Weekend Reads: The state of Mormonism and evangelicalism
Professors J.B. Haws and Calvin Miller have good news and bad news. The former, a devout Mormon who teaches at Brigham Young University, has just released a fascinating study of his co-religionists. The Mormon Image in the American Mind: Fifty Years of Public Perception (Oxford University Press, 2013) begins with faithful Mormon George Romney and his abortive campaign for the 1968 Republican presidential nomination. At that time surveys found that 17 percent of the American electorate would not vote for a Mormon. By the time of his son Mitt’s twin campaigns in 2008 and 2012, that number had nearly doubled, though at the same time some pundits declared that the Mormon Church was the real winner in the 2012 election. Obviously, then, the story Haws tells is neither straightforward nor simple, as his 110 pages of endnotes attest. But, at least, as he tells it, one thing stands out: The Mormon church has been continuously growing in numbers, wealth, and social respectability. Mormon influence in American life is increasing.
The late Calvin Miller, who was a prominent evangelical author and seminary professor, tells the opposite story in The Vanishing Evangelical: Saving the Church from Its Own Success by Restoring What Really Matters (2013). Posthumously released by Baker Books, the work contains Miller’s farewell speech to the American church. Though it lacks the scholarly heft of Haws’ work, it also drops any pretense of academic neutrality. Miller loves evangelicalism, and he believes that it is dying. Indeed, I am still not sure what the first half of the subtitle has to do with the book; as Miller sees it, the church needs to be saved from its failure. He recounts decline, especially how the rate of church formation has not kept up with the rate of population growth. Then he savagely attacks the idea that the pendulum is bound to swing the other way: Every major civilization has declined and fallen—and the pendulum has never swung the other way to resuscitate any of them.
Haws’ narrative features many efforts by the institutional Church of Jesus Christ of Latter-day Saints to increase its name recognition with billboards, TV spots, and carefully considered press releases. Yet in its efforts to go mainstream, the Mormon hierarchy remains aware that total assimilation means destruction of its institution. As Haws concludes, to remain viable, any religious movement must be relatable enough to get a fair hearing, but different enough to maintain a separate identity that exists in some tension with the ambient culture. Therefore, the LDS church must refuse to present itself as “some idiosyncratic brand of Protestantism.”

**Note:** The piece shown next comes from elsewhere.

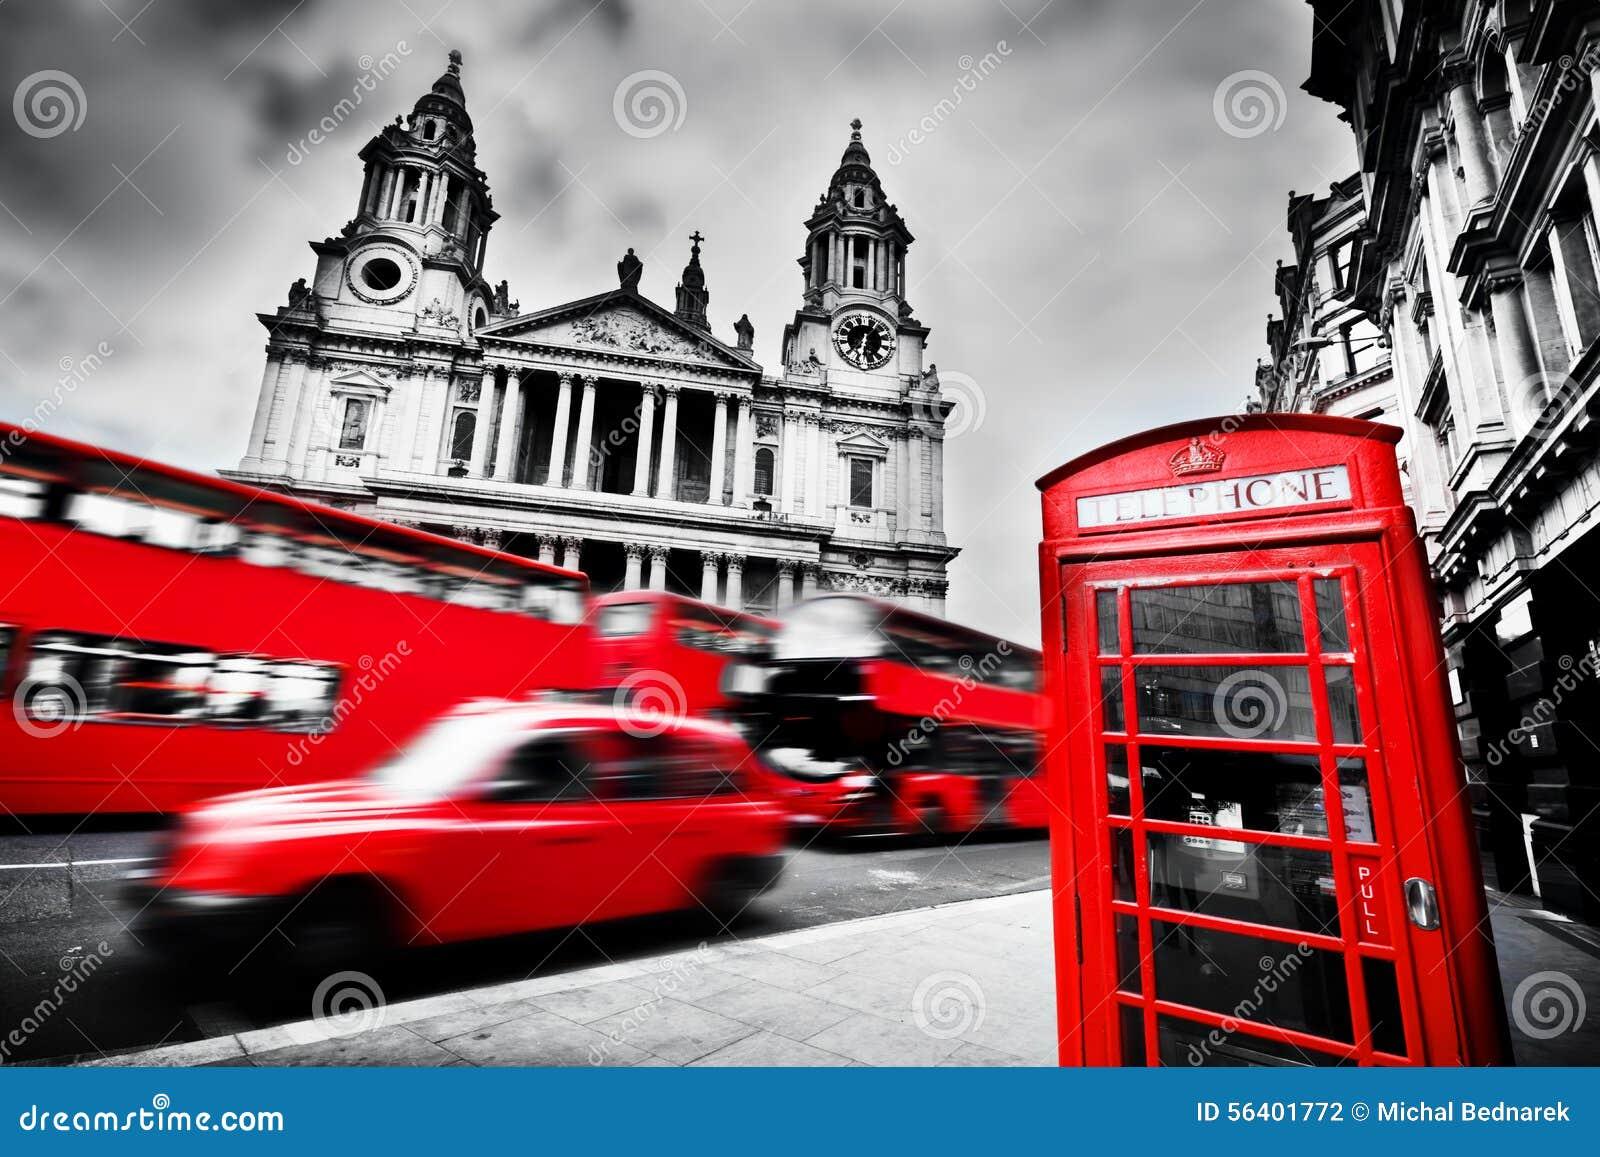 Londyn UK St Paul katedra, czerwony autobus, taxi taksówka i czerwony telefoniczny budka,

Miller, in his own way, offers the same lesson. The problem with evangelicalism today is its total assimilation; by refusing to exist in tension, it is ceasing to exist at all. But Miller offers hope for “individual survival,” adding, “I say individual because I hold not the slightest hope for the triumph of the entire faith.” The glory days are over. But individually, if we each focus on our own heart and our walk with Christ, and find one other person to disciple and encourage in the faith, then our Christianity will not be in vain. Christianity began one person at a time, and that is how it will continue. Believe it or not, says Miller, only the basics can save us now. Read your Bible, pray, worship, and believe.
The infinite but material god of Mormonism lacks spiritual power; he cannot save. But the Triune God is spirit, and His Kingdom will conquer. Though Haws and Miller don’t say so, Mormons are momentarily exuberant—but Christians are eternally triumphant.